See also: Rubinstein and the Rejuvenationists

Experiments were also conducted on women as a rejuvenation treatment for menopause. Initially, women had their ovaries treated with low doses of X-rays, supposedly the female equivalent of the testicular vasoligation or vasectomy. Dr. Last, a colleague of Steinach, who worked on female rejuvenation, switched from X-rays to heating the ovaries with a diathermy machine. It was this Dr. Last that Arden hired to develop the apparatus she used for the Vienna Youth Mask.

Elizabeth Arden was not expecting her Vienna Youth Mask to have a similar ‘rejuvenating effect’ on skin cells that diathermy treatments had on ovarian tissue. As mentioned earlier, she explained that it worked by increasing the blood circulating through the skin.

The Vienna Youth Mask stimulates the circulation, producing health as Nature herself does, through a constantly renewed blood supply.
The amazing value of this treatment lies in the depth to which it penetrates, causing the blood to flow in a rich purifying stream to underlying tissues and muscles . . . charging them with new youth and vigor. It stirs the circulation as no external friction or massage can possible do.
Concentrated on the face and neck, as the treatment is given in Miss Arden’s Salons, it is as though electric energy were poured into your very veins. Fresh blood flushes the surface, carrying away impurities. The skin is cleared and brightened. Best of all, there comes an exuberant, glad-to-be-alive feeling, a freedom from fatigue that is the true measure of health.

(Elizabeth Arden advertisement, 1930)

This was also suggested by Helena Rubinstein when she introduced her Monoval Masque (1935) aimed at clients with relaxed muscles, soft tissues, and withered and devitalized skin. This also used diathermy which Rubinstein claimed “acted deeply on the circulation, bringing the blood into the tissues, renewing the cells, and causing a general rejuvenation of the whole organism” (Rubinstein advertisement, 1935).

See also: Diathermy

Arden abandoned the Vienna Youth Mask in 1938, replacing it with another diathermic treatment, the Intra-Cellular Mask.

1939 Elizabeth Arden Intracellular Mask

Above: 1939 Elizabeth Arden Intra-Cellular Mask.

Elizabeth Arden maintains that there is no face so lost to beauty that it cannot be transformed, revivified, remodelled. To this end, she has now created, with the aid of a continental specialist in electro-therapy, the INTRA-CELLULAR MASK. It is designed to promote the health of the actual cells which comprise the tissues of the face by means of a new method of adapting micro-waves to this particular purpose, and is an outstanding achievement. For women over thirty, for women whose tissues have become depleted through illness or worry whatever their age, the Intra-Cellular Mask treatments are invaluable. … The treatment is always given by a graduate nurse, trained especially in electro-therapy work. It is followed by Miss Arden’s Muscle Strapping treatment and proper make-up, which are included in the price of the complete course.
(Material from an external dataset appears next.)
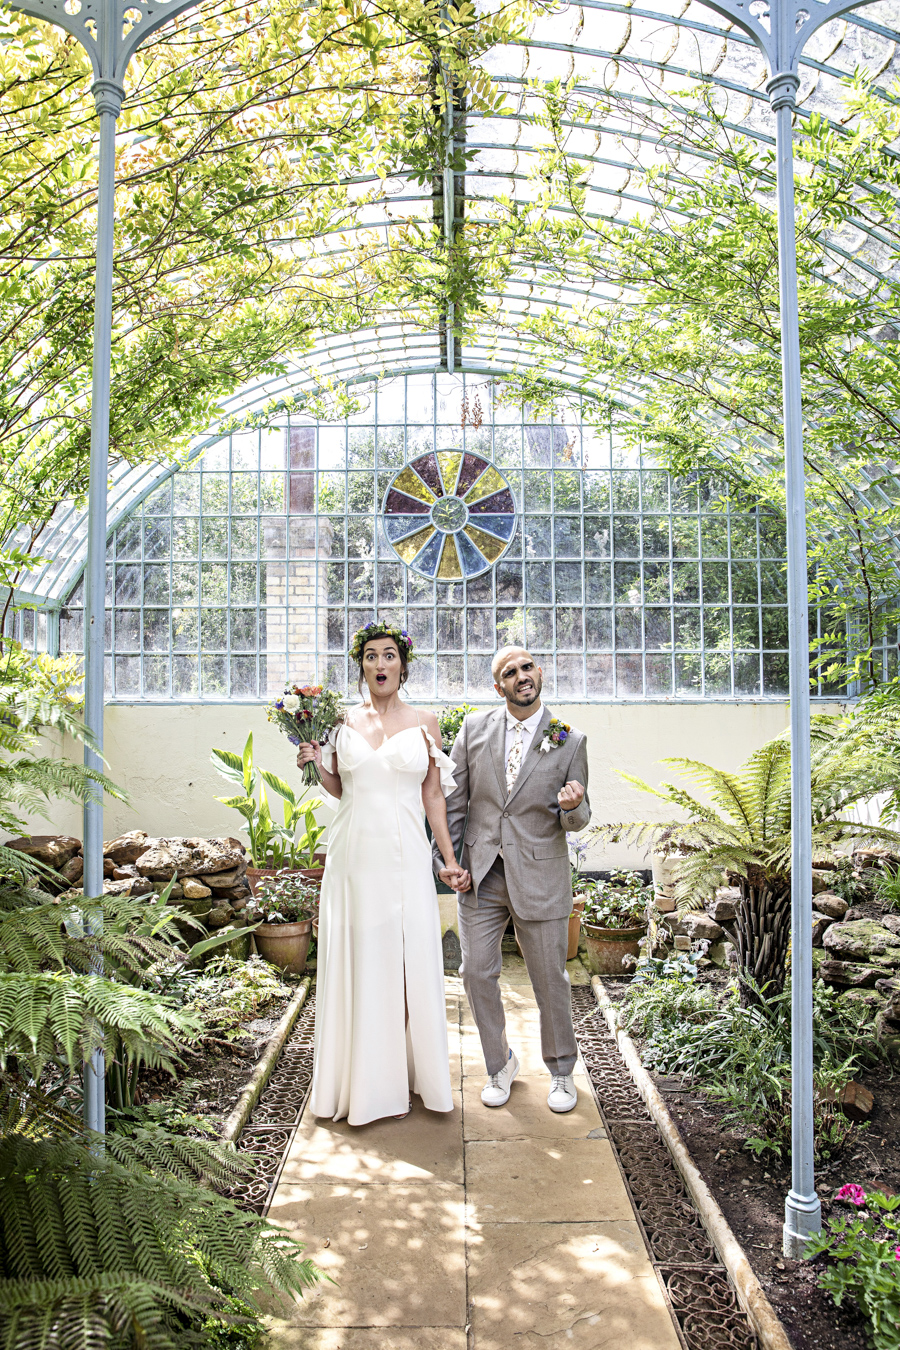 Andreia and Antonio's relaxed and fun wedding at Shuttleworth Swiss Garden with Lorna Newman Wedding Photography (36)
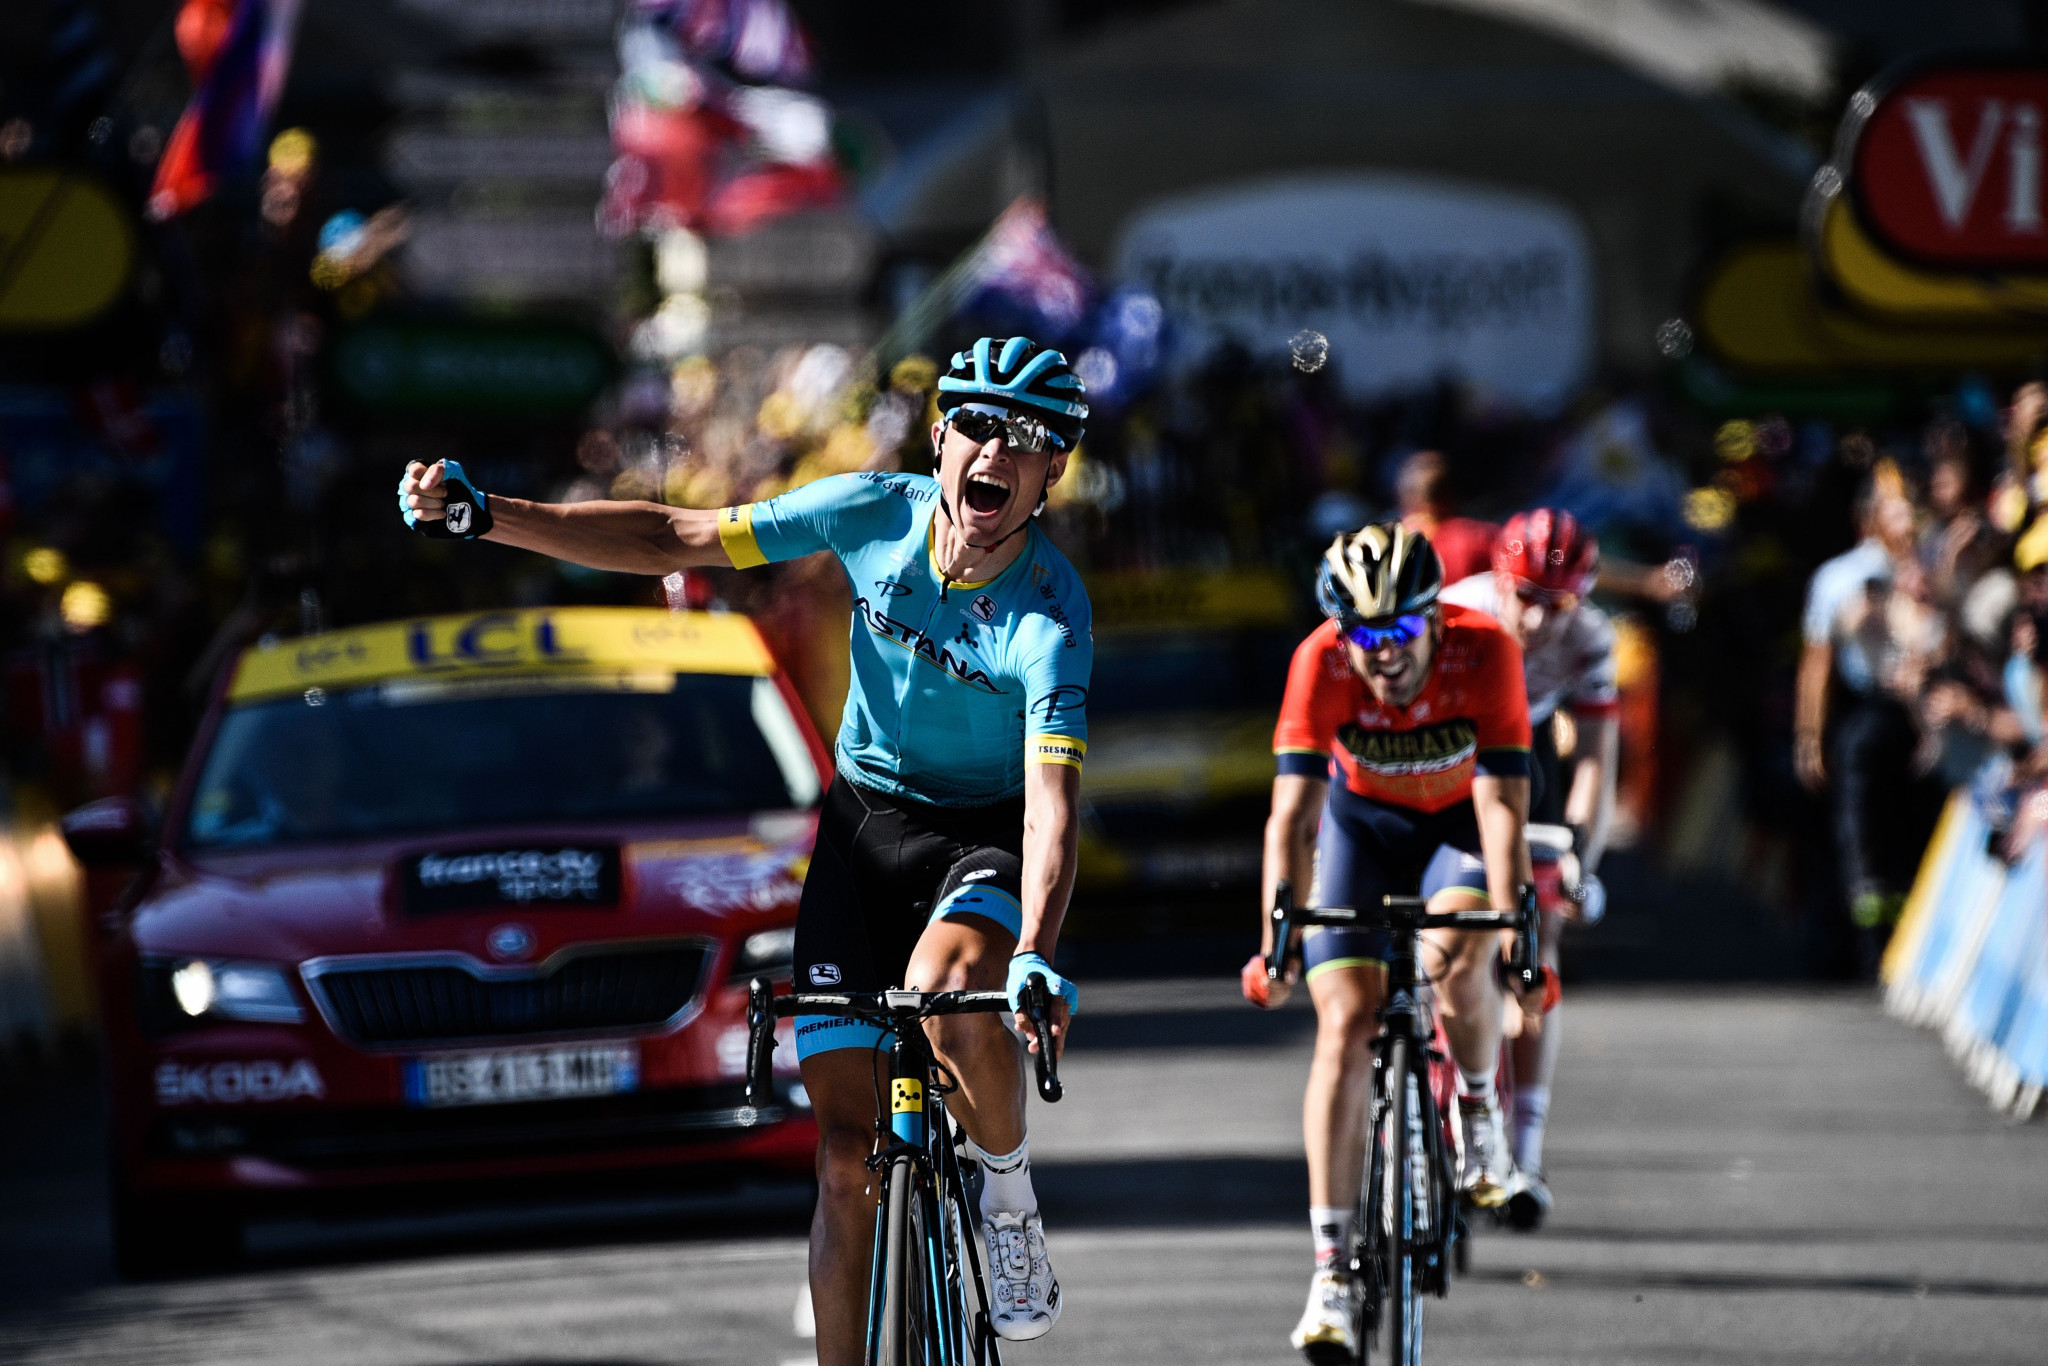 Cort clinches maiden Tour de France stage win in Carcassonne

(Arden advertisement, 1938)

The reason for the switch to the Intra-Cellular Mask in 1938 may be simple. In that year the Food, Drug and Cosmetic Act (FD&CA) was passed in the United States and Arden may have reasoned that officials from the American Food and Drug Administration (FDA) – charged with administering the Act – would not look kindly on a treatment that used either ‘Vienna’ or ‘Youth’ in its name; the Intra-Cellular Mask would be less likely to produce regulatory problems.

Updated: 26th November 2018

Sources

Cumberbatch, E. P. (1937). Diathermy including diathermotherapy and other forms of medical and surgical electrothermic treatment (3rd ed.). Great Britain: William Heinemann (Medical Books) Ltd.

Harriman, M. C. (1935). Glamour, Inc. The New Yorker, April 4, 24-30.

Miller, N. L., & Fulmer, B. R. (2007). Injection, ligation and transplantation: The search for the glandular fountain of youth. The Journal of Urology. 177(6), 2000-2005.

Trimmer, E. J. (1967). Rejuvenation. The history of an idea. London: The Scientific Book Club.